UML Scrapbook and Realization of Snapshot Programming Environment

We have developed SBUML (Scrapbook for UML), an extension of UML (User-Mode Linux), by adding checkpointing functionality to UML. In this paper, we first describe the design and implementation of SBUML, and then propose a new snapshot programming environment, which is realized by the SBUML programming interfaces. The intended applications of SBUML include intrusion detection and sandboxing for network security, and software model checking for verifying multi-threaded programs. In particular, using snapshot programming, one can enumerate state spaces of programs actually running under Linux.

GRT at the SBST 2015 tool competition

GRT (Guided Random Testing) is an automatic test generation tool for Java code, which leverages static and dynamic program analysis to guide run-time test generation. In this paper, we summarize competition results and experiences of GRT in participating in SBST 2015, where GRT ranked first with a score of 203.73 points over 63 Java classes from 10 packages of 9 open-source software projects.

Analysis of Synchronous and Asynchronous Cellular Automata Using Abstraction by Temporal Logic

We have been studying abstractions of linked structures, in which cells are connected by pointers, using temporal logic. This paper presents some our results for these abstractions. The system to be verified is a transition system on a graph. The shape of the graph does not change as a result of the transition, but the label assigned to each cell (node) changes according to rewrite rules. The labels of cells are changed synchronously or asynchronously. We abstract such systems using abstract cells and abstract graphs. Abstract cells are characterized by a set of temporal formulas, and different abstractions can be tried by changing the set of formulas. Some examples of analysis are also described.
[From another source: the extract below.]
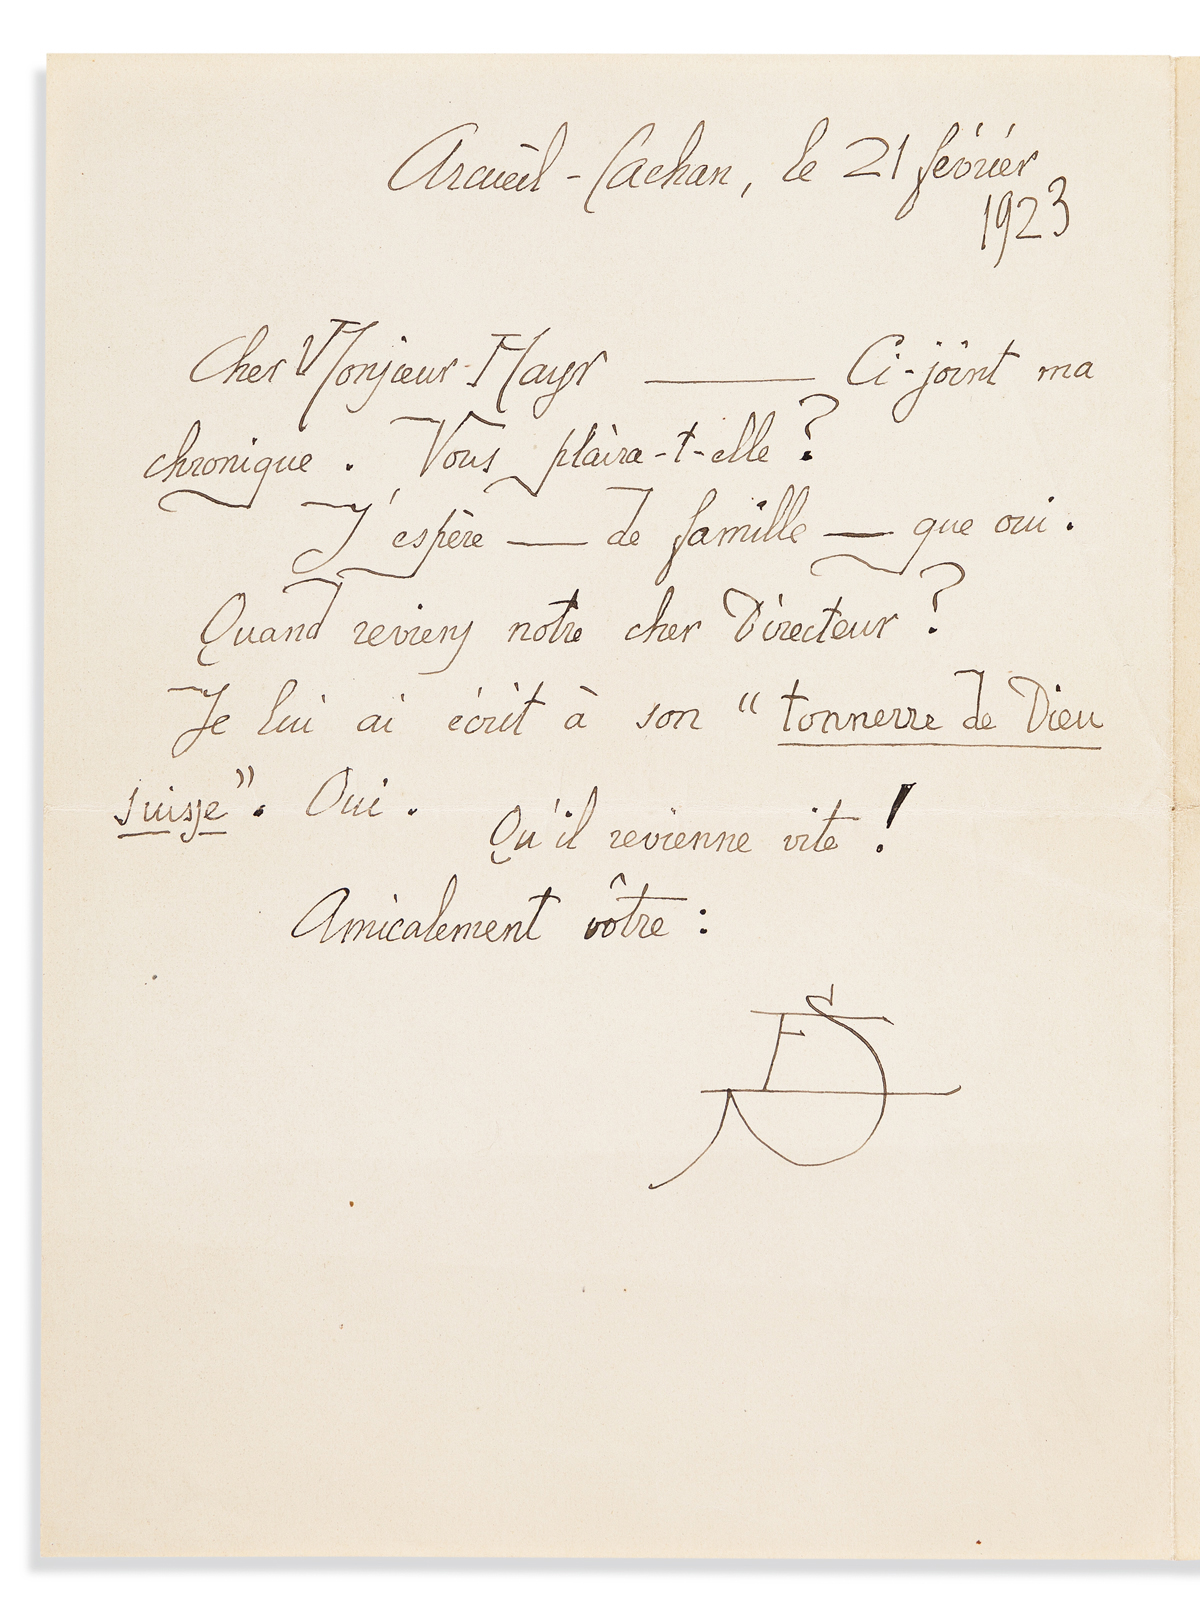 SATIE, ERIK. Autograph Letter Signed, with his monogram (ES), to editor of Les Feuilles libres Wieland Mayr (Dear Mr. Mayr), in Fre

Model checking distributed systems by combining caching and process checkpointing

Verification of distributed software systems by model checking is not a straightforward task due to inter-process communication. Many software model checkers only explore the state space of a single multi-threaded process. Recent work proposes a technique that applies a cache to capture communication between the main process and its peers, and allows the model checker to complete state-space exploration. Although previous work handles non-deterministic output in the main process, any peer program is required to produce deterministic output. This paper introduces a process checkpointing tool. The combination of caching and process checkpointing makes it possible to handle non-determinism on both sides of communication. Peer states are saved as checkpoints and restored when the model checker backtracks and produces a request not available in the cache. We also introduce the concept of strategies to control the creation of checkpoints and the overhead caused by the checkpointing tool.